According to Arab News, nearly $4 trillion in US dollars is currently held in central banks around the world; nearly 70% of all their holdings. This is as close to a monopoly as it gets. If even a fraction of those greenbacks are traded for euros or some other currency, the effects on the American economy would be catastrophic.

To a large extent, the supremacy of the dollar depends on the oil trade. Oil is the largest commodity in the world and its trade is almost exclusively denominated in dollars through the New York Mercantile Exchange (NYMEX) or London’s International Petroleum Exchange (IPE). Foreign countries must maintain large stockpiles of US Dollars in order to meet their energy needs. It is estimated that approximately $2.6 trillion is circulating in the oil trade alone.

This vice-like grip on the oil market is now being challenged by a number of countries including Russia, Venezuela and Iran. These three nations produce 25% of daily global output and pose a direct challenge to the dollar’s continued dominance. This explains why these three have fallen out of grace with Washington. The US cannot maintain its superpower status unless it can control the lion’s-share of world’s oil and force the world to use its currency. By 2030 60% of the world’s oil will come from the Middle East. The US will have to assert control over the resources of the entire Caspian Basin if it intends to keep the dollar as the de-facto international currency.

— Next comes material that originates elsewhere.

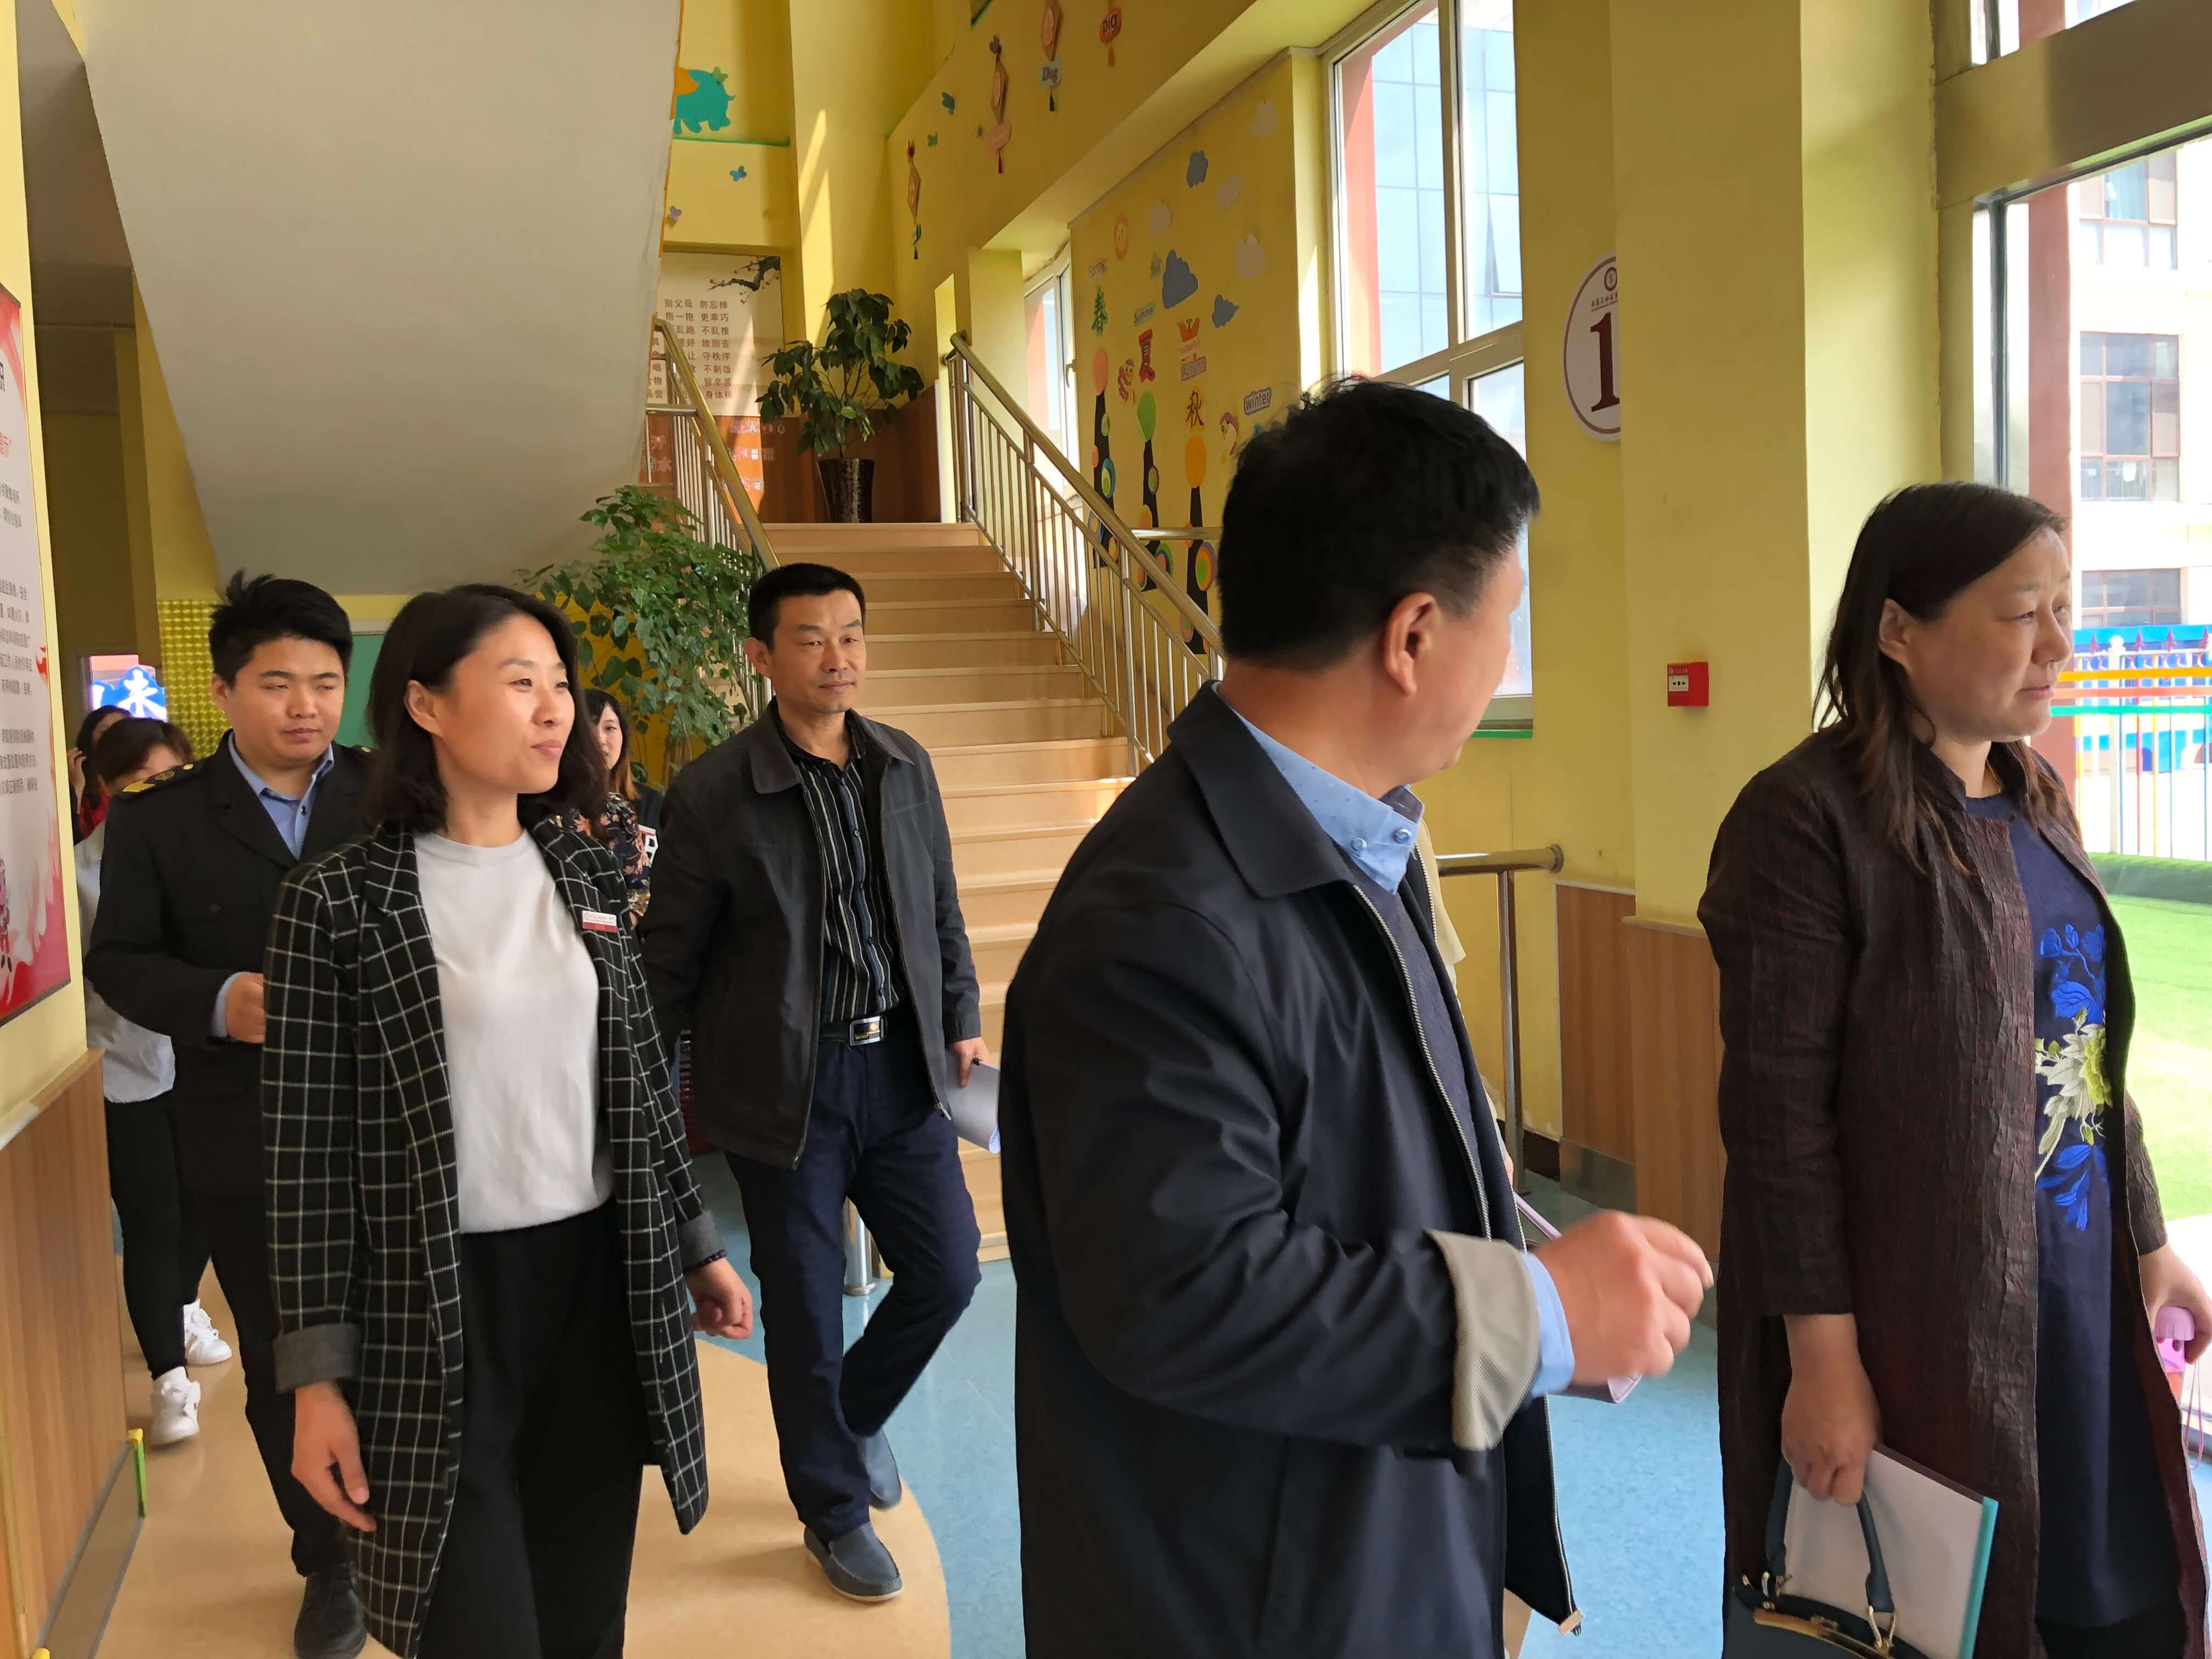 石家庄私立第一中学幼儿园2017年度工作检查

Imperial rule requires a “coin of the realm”. Even as the American consumer market loses steam; western elites are planning to preserve US dollar hegemony in order to continue their control of the global economic system. Their objectives foreshadow even greater reliance on military force and intimidation.

America is now engaged in a transition that has never before been attempted. It has hollowed out its manufacturing sector (more than 3 million manufacturing jobs have been lost since Bush took office) looted its treasury, and plunged the country into irreversible debt. Its major corporations and banks have disconnected from the mainland and operate as sovereign islands protected by the US military and international trade law. They have no allegiance to America and are unaccountable to anyone except their own shareholders.

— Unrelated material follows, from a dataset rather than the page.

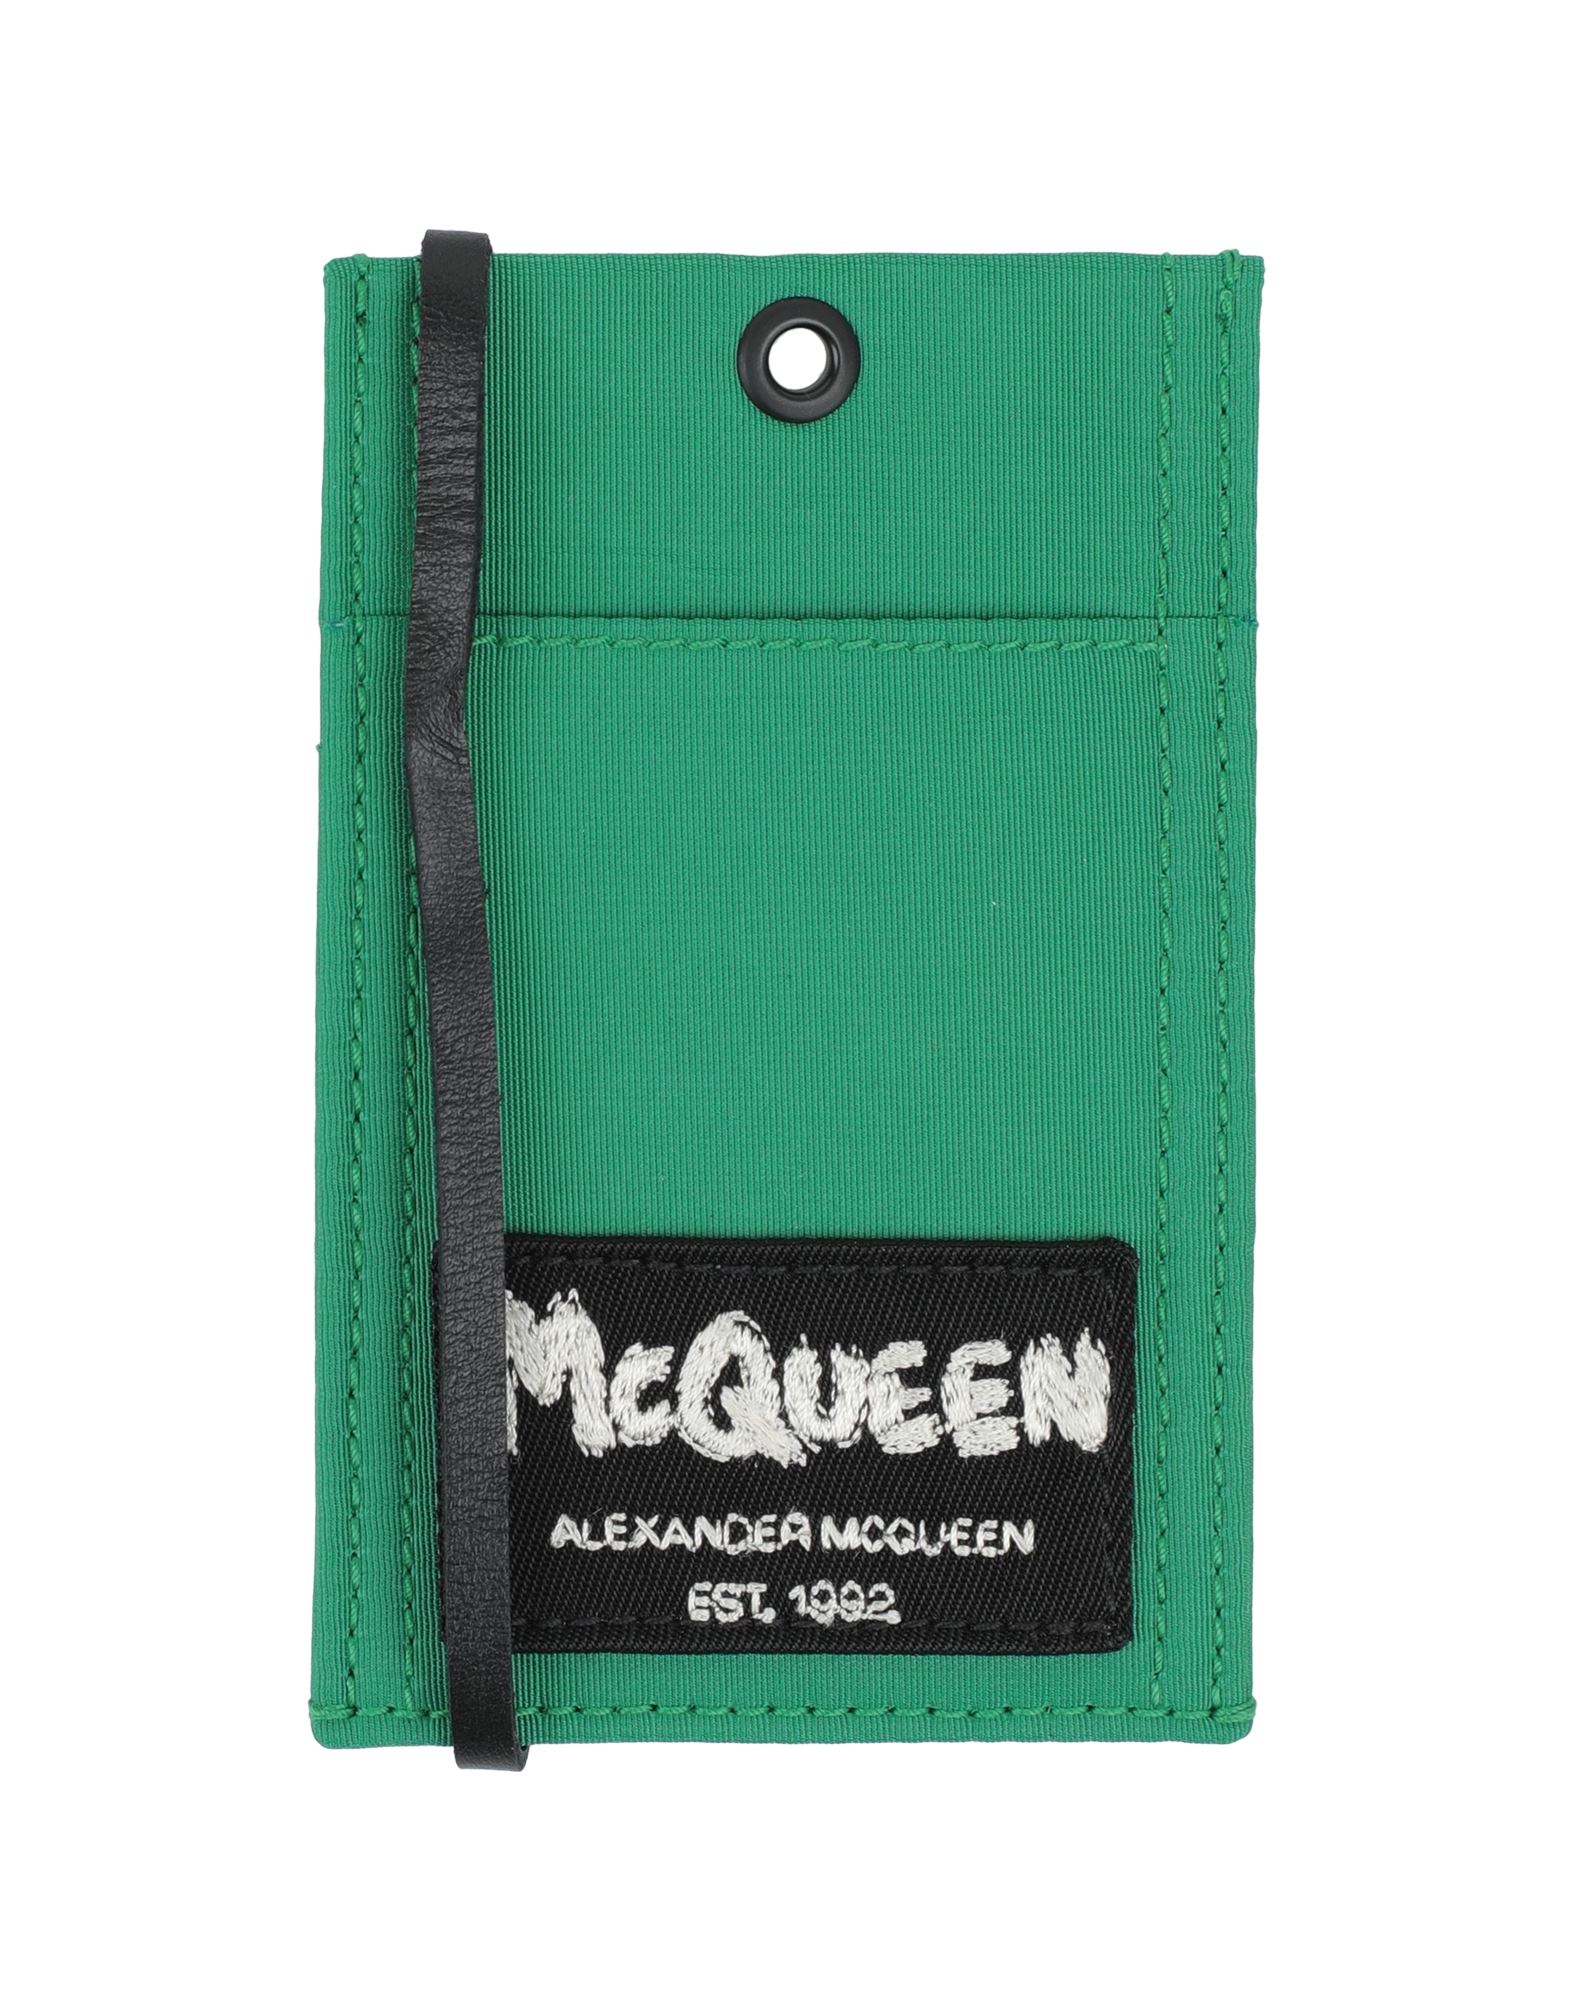 Alexander Mcqueen Document Holders In Green

Dollar-hegemony is critical to their ongoing success as it keeps the basic unit of exchange; paper money, in the control of fellow-elites at Federal Reserve. Absent that power, American plutocrats would be unable to perpetuate the system of trading debt (US dollars) for resources and manufactured goods. If Bush succeeds in his global resource war, then countries will be forced to use the dollar regardless of how much debt it has accumulated.

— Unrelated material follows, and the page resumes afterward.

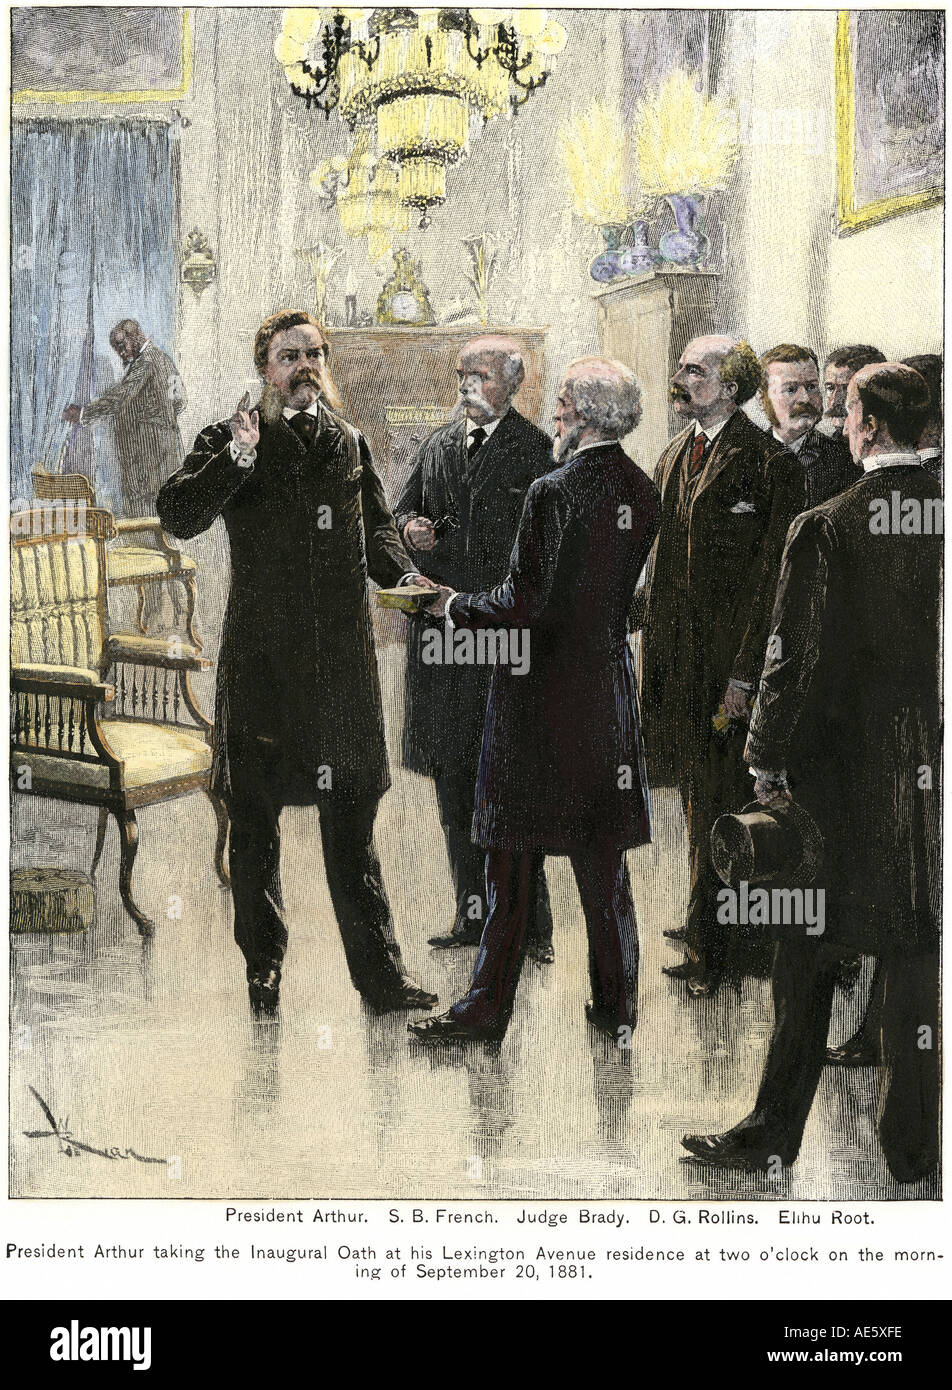 Chester Arthur unter Berücksichtigung der Präsidentschaftswahlen Eid in seiner Wohnung in New York City, nachdem Präsident Garfield Ermordung 1881. Hand - farbige Holzschnitt Stockfoto

The most effective strategy for bringing the dollar into balance with the other currencies is to “democratize” the system and allow the free exchange of goods and resources in one’s own currency. This would eliminate the dependence on a reserve currency and make the United States accountable for its own prodigious debt. This, in turn, would force American leaders to revitalize the manufacturing sector as a way of restoring economic solvency.

The dependence on a “reserve currency” inevitably creates winners and losers. It is an invitation to massive account imbalances as well as corruption and exploitation. Greater parity among the currencies should be encouraged as a way of strengthening democracies and invigorating markets. It promises to breathe new life into international trade by allowing other political models to flourish without fear of being subsumed into the capitalist prototype.

The dominance of the greenback has created a global empire which is controlled by a small group of corporatists and autocrats who depend on bullying and brute force to maintain their supremacy. The only way to restore the republic is to topple the empire, dislodge the dollar from its lofty perch, and even the playing field with the other currencies.